Нашу легенду поддерживает то, что на западе от стаба Пекло, на востоке внешники из технологически развитого мира, на юге стена черноты, а на севере столь непостоянные кластеры, что легче тропу через эту самую черноту найти.

Хотя, по рассказам Босяка, некоторые смельчаки всё-таки проходили через эту стену и даже возвращались несколько лет спустя совершенно другими людьми. Ведьмак таким способом и попал к ним, перешёл через черноту не в то время не в том месте и пожалуйста, теперь ты в мурах нах.

В этот раз тропу нашли караванщики, а потому до ближайших перезагрузок путь был относительно известен, чем мы и воспользовались. Беда состояла только в том, что транспорт придётся оставить на том тройнике, где проводилась сделка с внешниками.

На вопрос: «Как его протащили караванщики?» Босяк многозначительно ответил: «У них всегда есть свои пути, — а потом мрачнее добавил. — Возможно, эта тропа нас вообще не пустит».

— Всё, приехали! — объявил Босяк на общей чистоте.

— Отлично, хоть ноги размять, да узнать, чем эта чернота вообще опасна, — ответил я, спрыгнув на бренную землю.

— Чем опасна? — спросил Ведьмак. — Например тем, что запирает тебя совершенно в другом районе, выход из которого либо через Внешку, либо через Центр.

— И это тоже, — подтвердил Босяк. Но вообще, сам всё увидишь и почувствуешь.

Временный привал устраивать не стали. Просто перепроверили снаряжение, закинули рюкзаки с обмотанным спецлентой всем — «Чтоб не разлагалось» — и пошли.

Уже стоя на границе обычного кластера с мёртвым, я словно смотрел на обычный мир под чёрно-белым фильтром. Только чёрный цвет по ту сторону словно живой манил к себе. Вещи блестели на солнце, переливаясь всеми оттенками чёрного. Это завораживало и пугало.

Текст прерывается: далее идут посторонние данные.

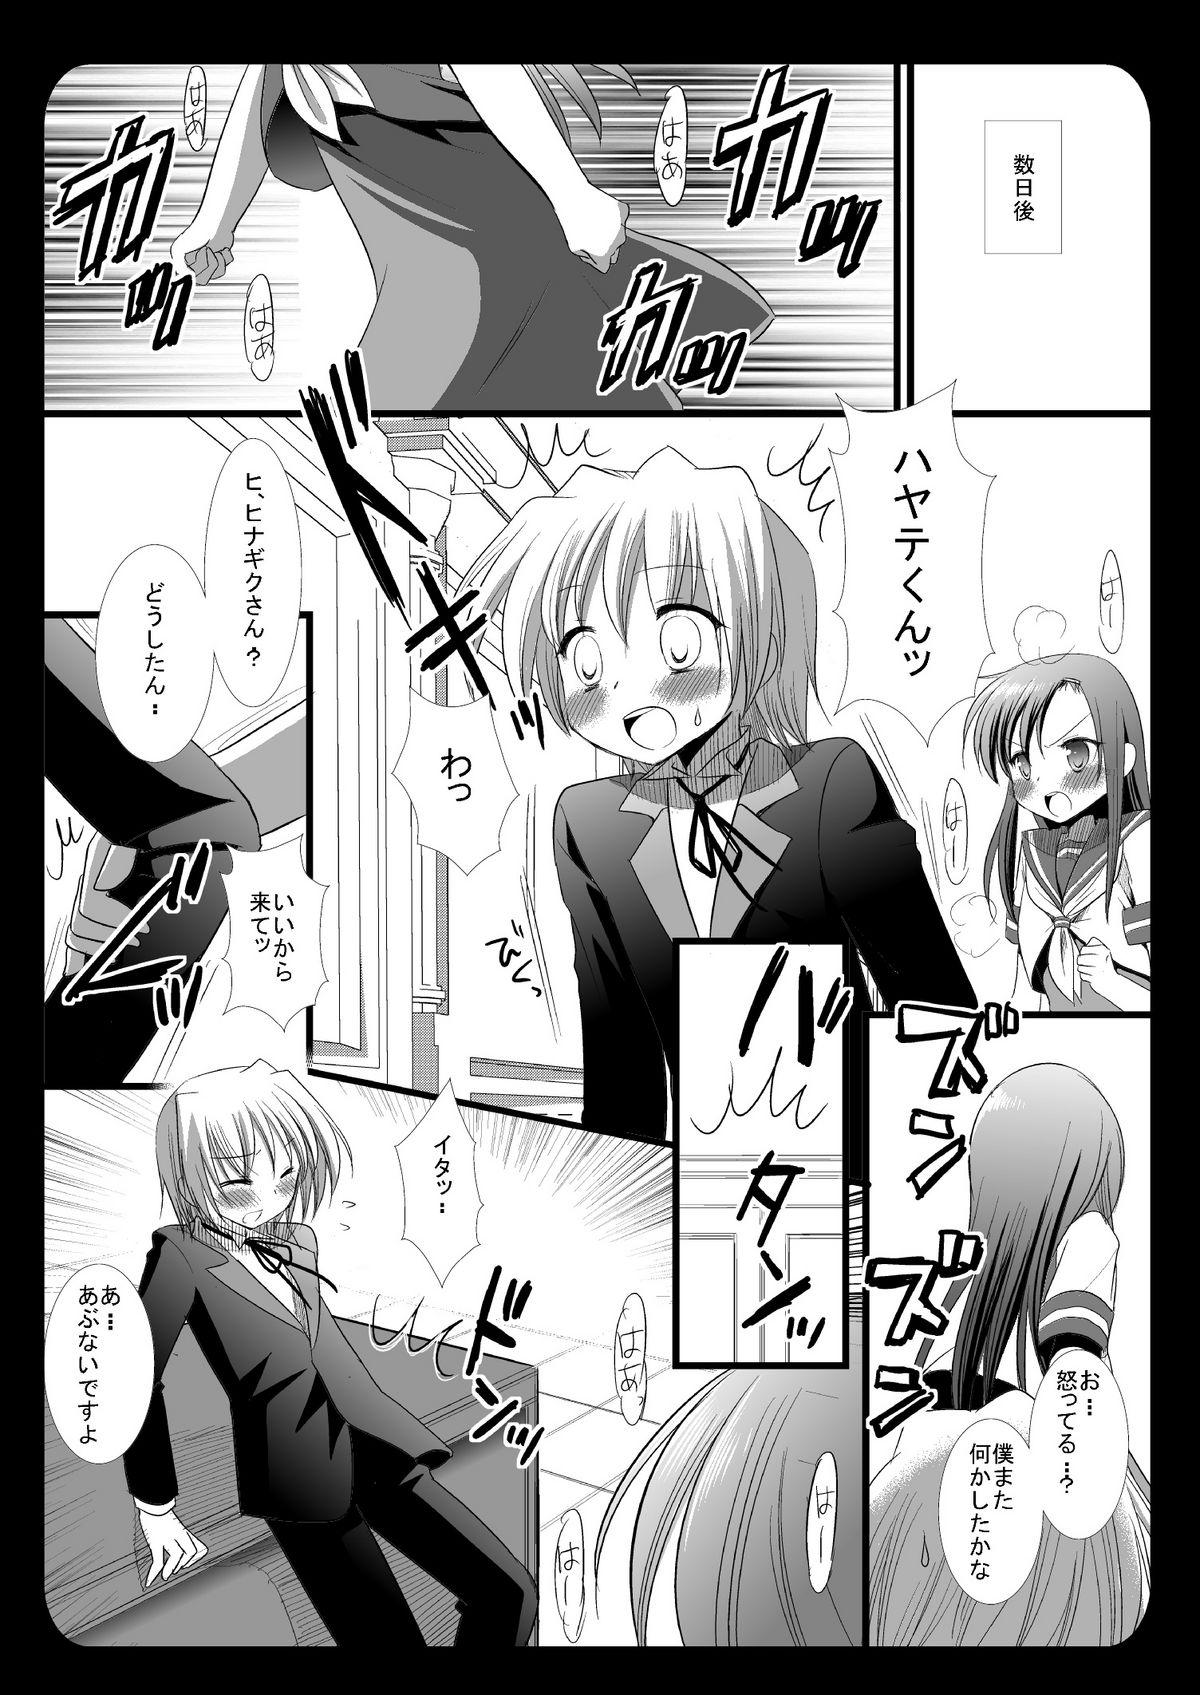 Tied Hinagiku no Himitsu 4 - Hayate no gotoku Cartoon - Page 7

Неслышно чертыхнувшись, Босяк повёл группу вперёд. Стоило ему только ступить на чёрную траву, как она рассыпалась мелкой крошкой, которую хотел подхватить ветер, зашедший на проклятую землю вместе с ним. Но вместо того, чтобы унести прах дальше или вынести на тройник, ветер докоснулся до него и затих. Рассыпался сам.

Я словно слышал хруст под ногами. Даже пыль перетиралась в нечто куда более мелкое и неосязаемое. Старожилы смело вдыхали мёртвый воздух, я же опасался этой... субстанции. Повязал бандану в качестве маски на лицо и ступил на территорию мёртвого кластера.

Влияние необычной атмосферы ощутилось мною сразу. Закружилась голова, картина мира перед глазами немного поплыла и потеряла всякий цвет, оставив только черноту и бледные силуэты впередиидущих. Желудок, как и кишечник, начал сокращаться, призывая меня к опорожнению, а вскоре и мочевой пузырь наполнился до самых краёв.

Кое-как справившись с собой, нагнал Босяка и описал ему своё состояние.

— Это обычные чувства для первой ходки по черноте. Она старается нас выжать до самого дна, чтобы мы стали частью этого мира, не вернувшись в мир живых. К этому невозможно привыкнуть до конца, если в отряде нет «ходящего сквозь черноту». Дар чертовски редкий, даже реже клокстопперов. Может, у того каравана, который передал новость, такие есть, потому что они часто ходят через границу районов, а каждый район...

— Ограждён такой вот стеной. Знаю, не надо по новой.

— Что ж, ты прав. Лучше экономить силы, но передвигаться как можно быстрее. Даже монстры Улья, как Коновал, Седой и Ведьмак не могут на черноте дольше суток держаться.

— Кхм, последний рывок к вам занял у меня трое суток, а было это век с лишним назад, — вмешался Ведьмак. — А Седой вообще на черноте месяц стоял, близь этого тройника правда, но стоял.

— Это я так тороплю Алешу, мы можем растянуться и плестись, аки гусеницы, но как бы мы уже не опоздали. Битвы на черноте — это нечто страшное. Особенно с Неназываемыми. Они — единственные существа Улья, которые переносят черноту вообще без последствий для собственного здоровья.

Сложно представить, какой силой должен обладать человек, способный продержаться на мёртвом кластере месяц. Впрочем, живой пример перед глазами у меня был.

Ведьмак — полная загадок личность, предавшая сильнейшую (или просто самую известную) секту в Улье, называющую себя её детьми. Один из сильнейших рейдеров, которых я встречал, не раскрывший даже одной четвёртой своих сил. «Иногда мне кажется, что при желании Ведьмак может раскидать весь отряд в одиночку и вернуться в Большой Стикс, совершенно не опасаясь за свою жизнь».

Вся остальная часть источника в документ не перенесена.